[DATASET SECTION Boundary: Start]
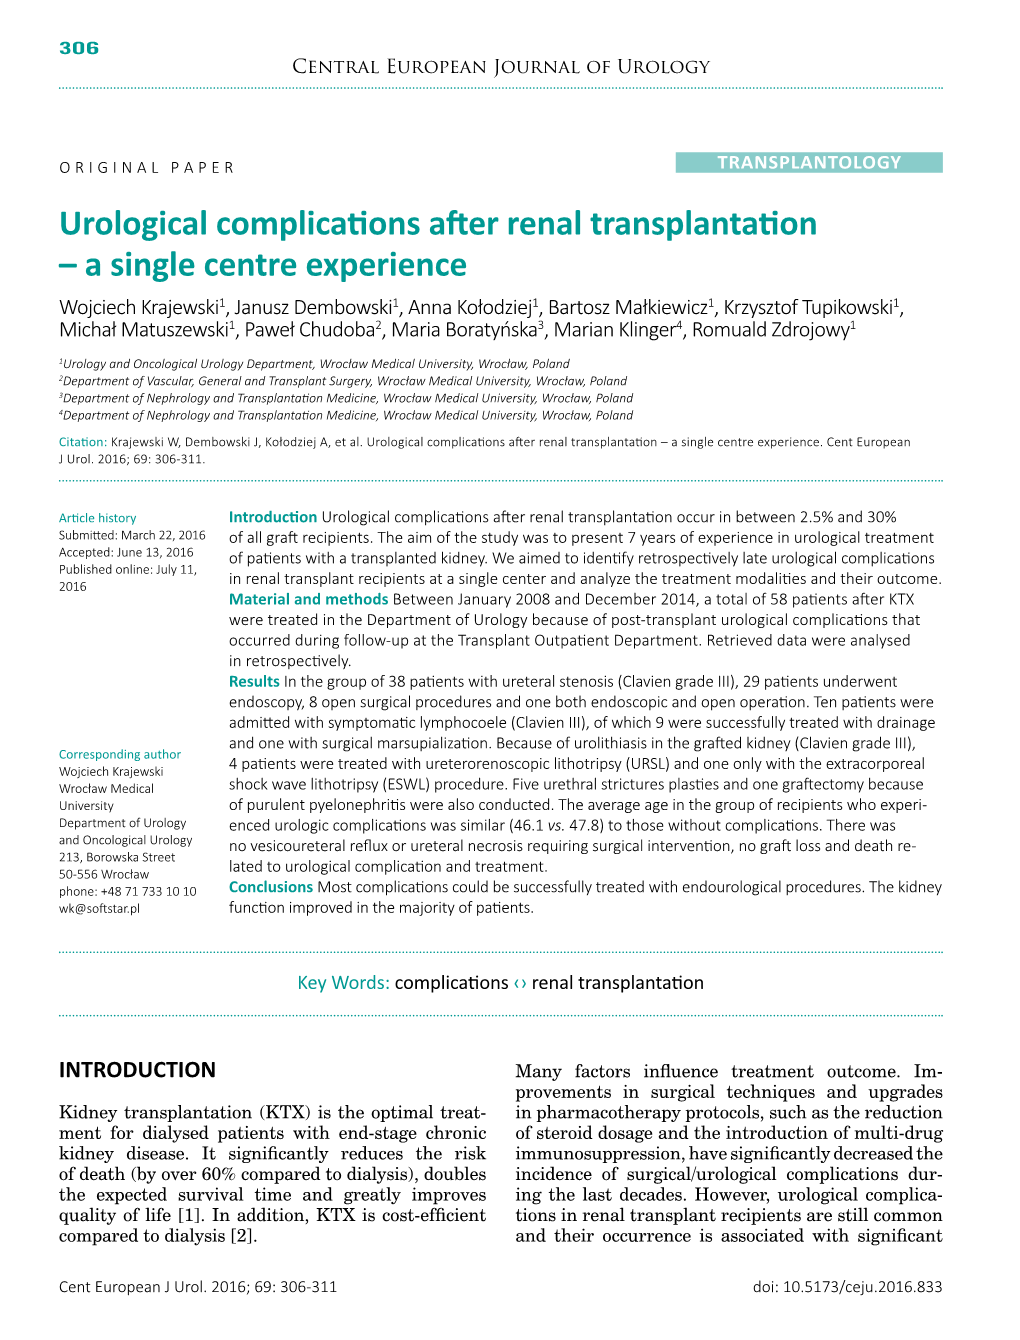 Urological Complications After Renal Transplantation
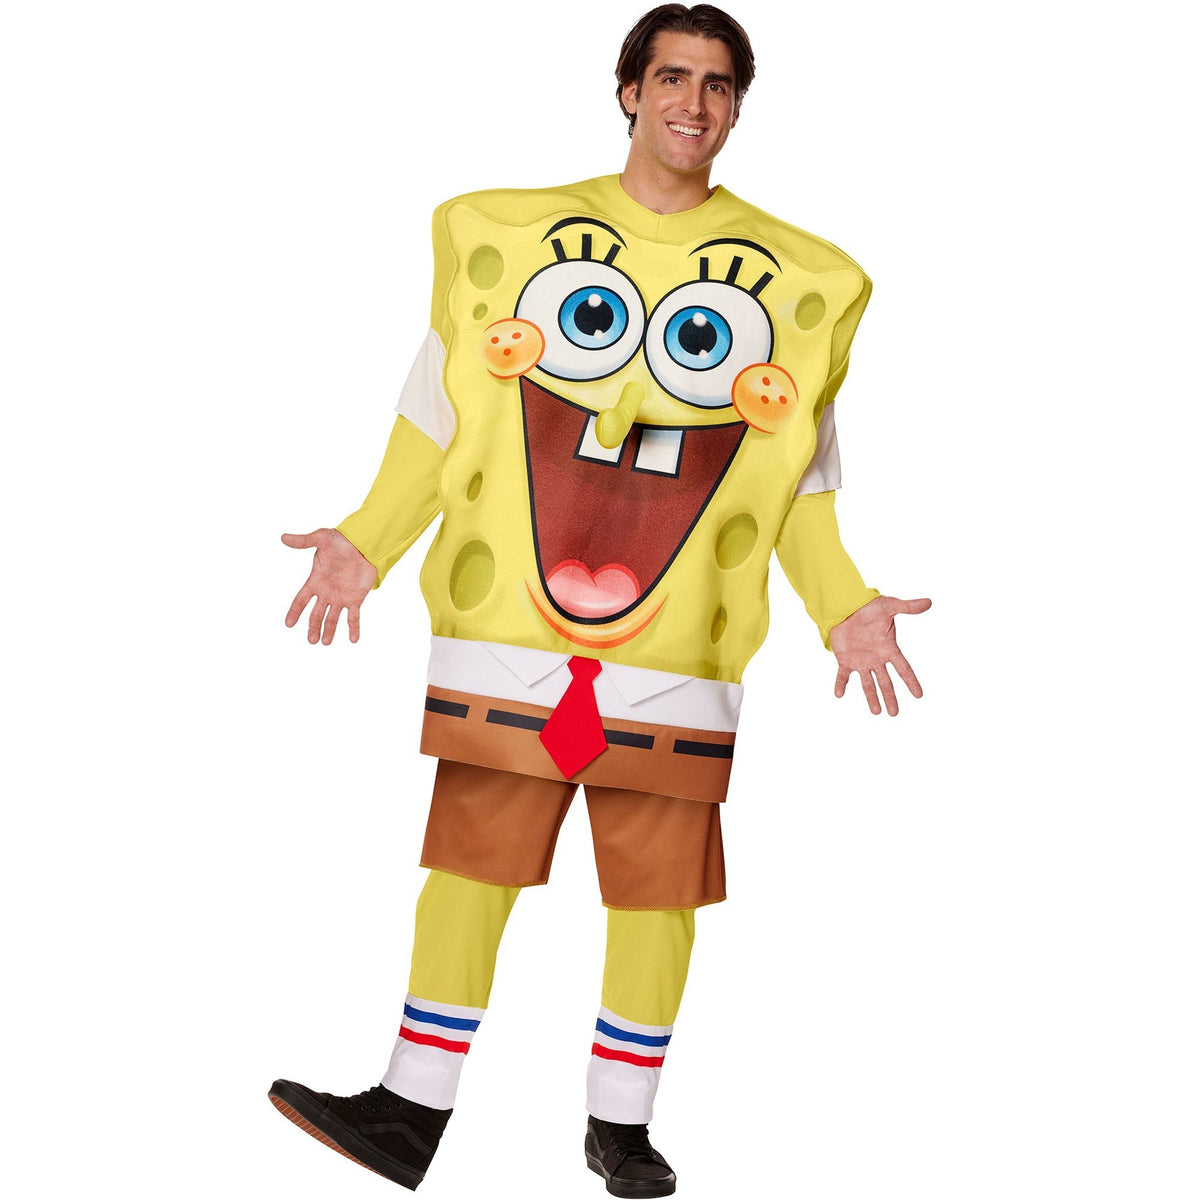 IN SPIRIT DESIGNS Costumes SpongeBob Costume for Adults, SpongeBob SquarePants, Tunic and Pants
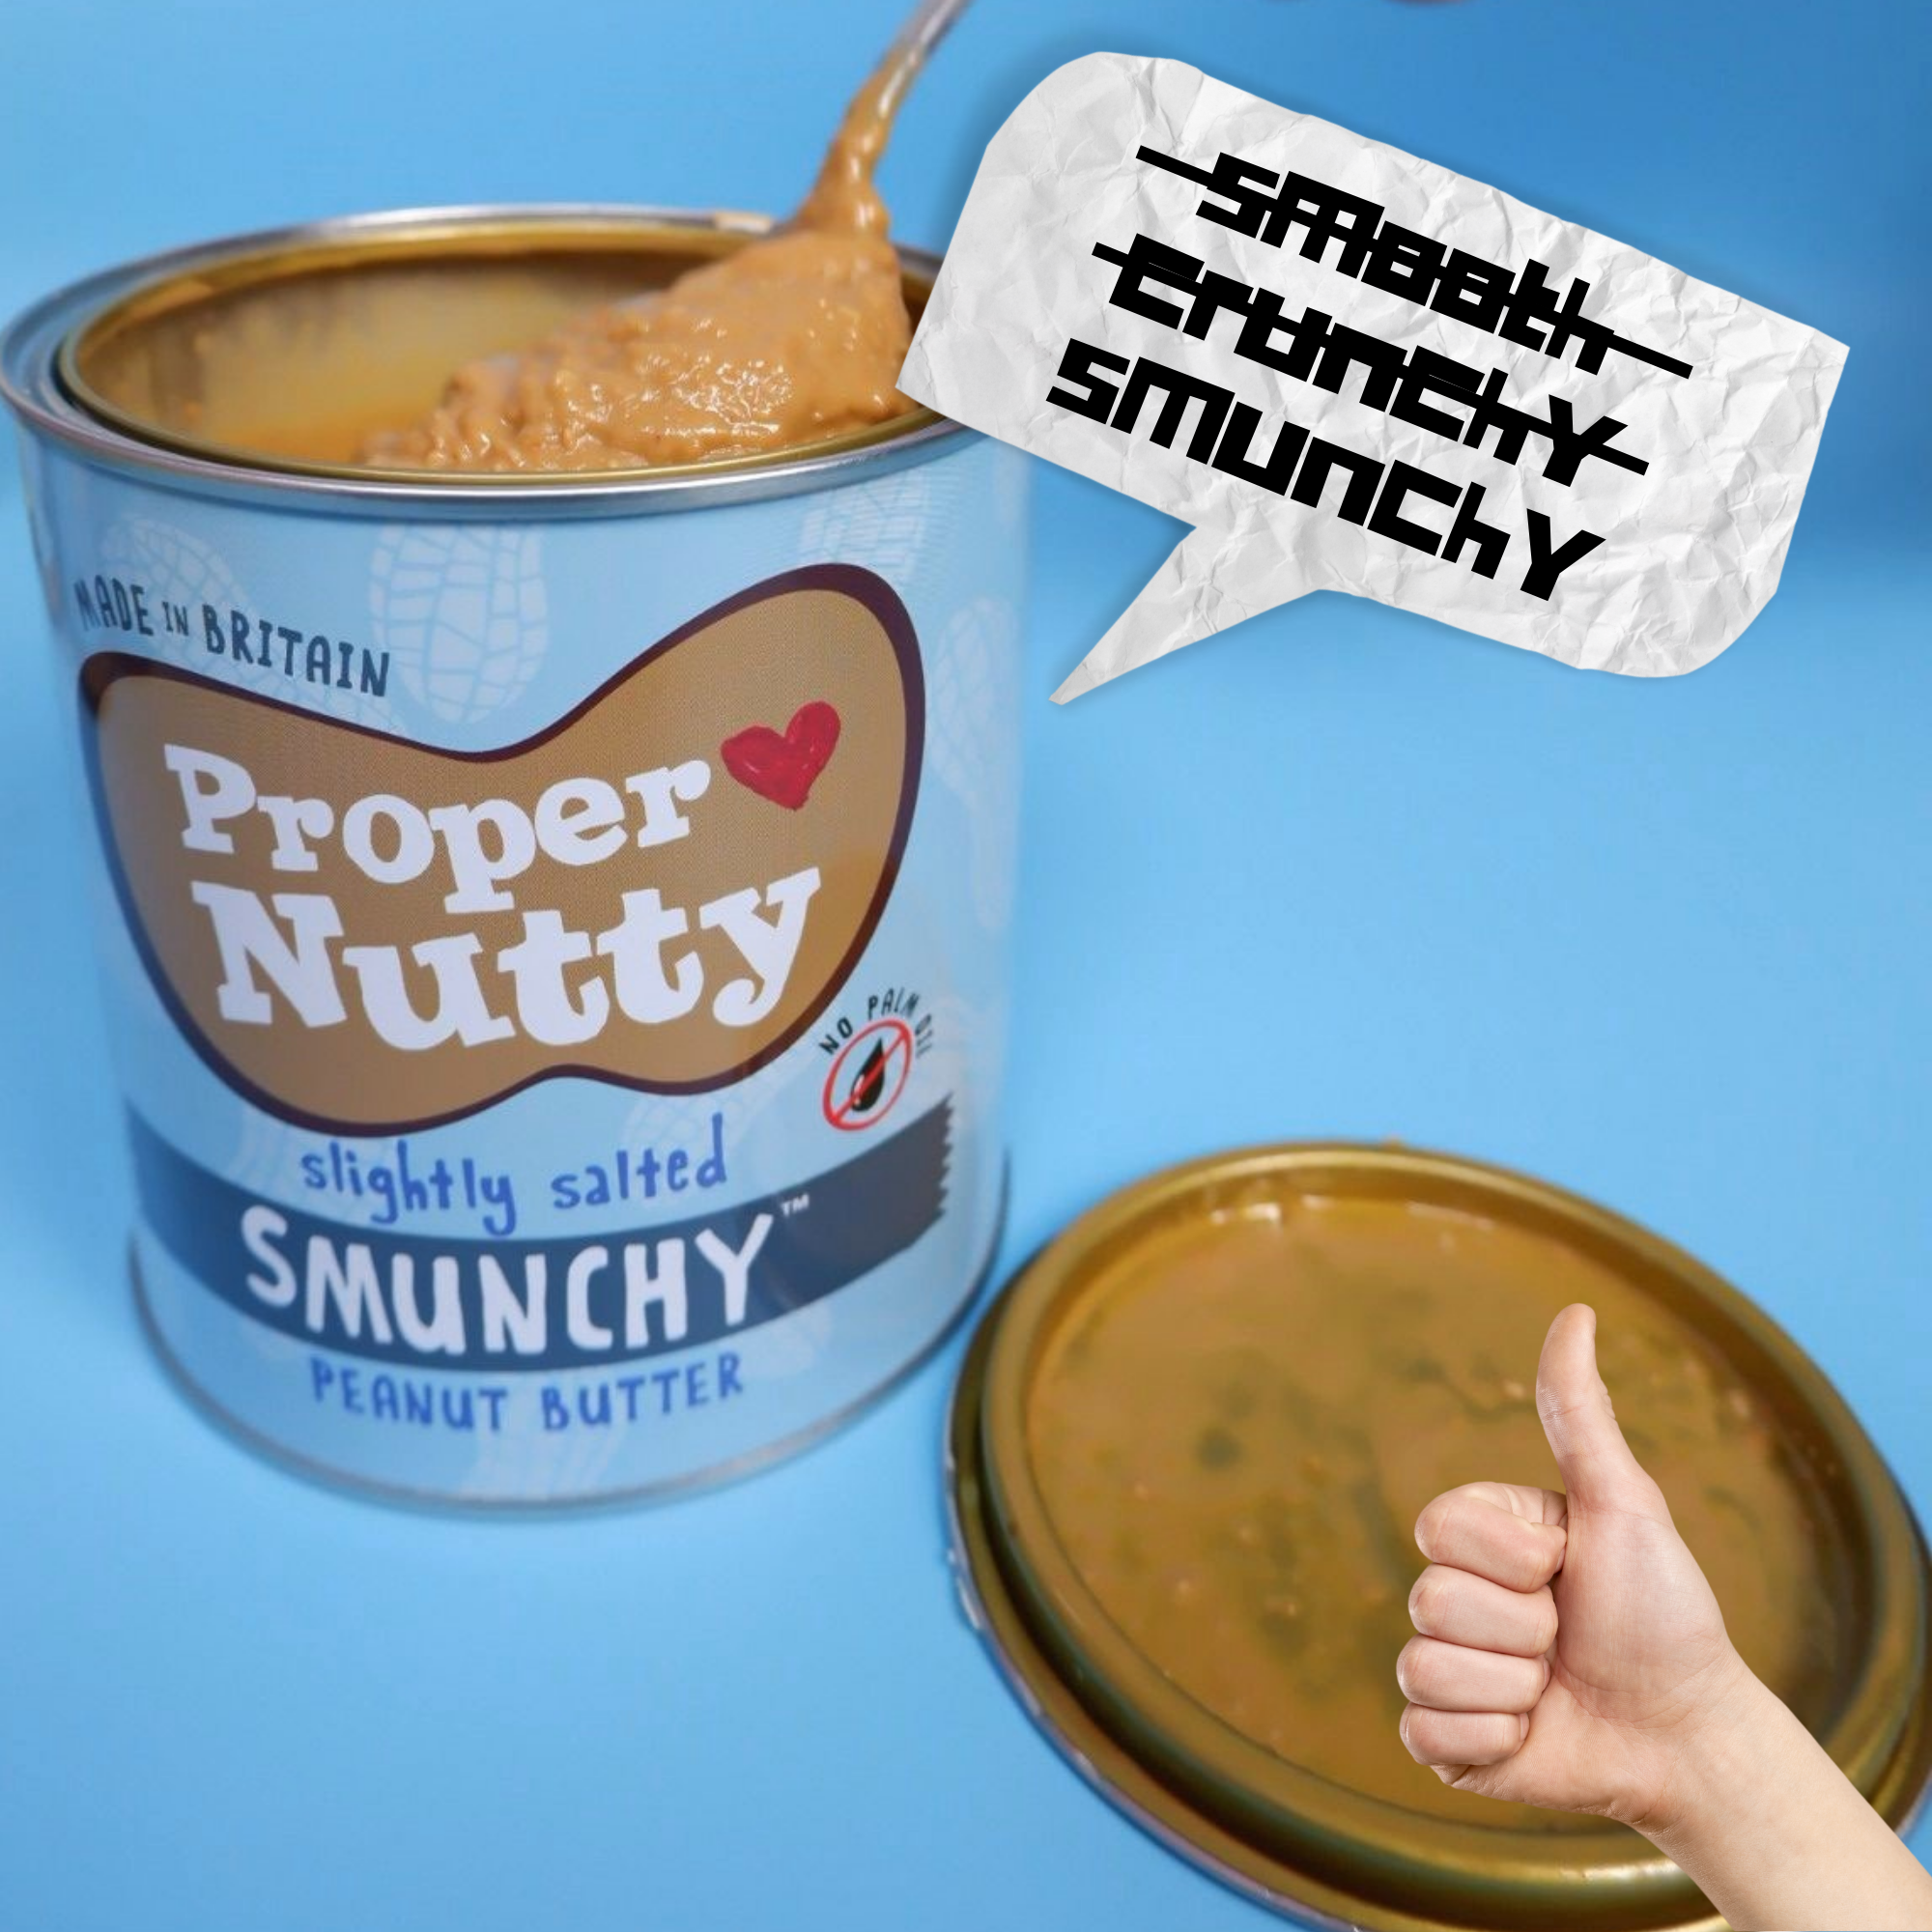 Proper Nutty| Artisan Smooth & Crunchy [Smunchy]| Peanut Butter| 99.5% Peanuts 0.5% Sea Salt |1kg Tin
[DATASET SECTION Boundary: End]
Repeat the line containing "IN SPIRIT DESIGNS" and every line after it up to the end of the material above, exactly as they stand, minus the pictures.

 IN SPIRIT DESIGNS Costumes SpongeBob Costume for Adults, SpongeBob SquarePants, Tunic and Pants
 Proper Nutty| Artisan Smooth & Crunchy [Smunchy]| Peanut Butter| 99.5% Peanuts 0.5% Sea Salt |1kg Tin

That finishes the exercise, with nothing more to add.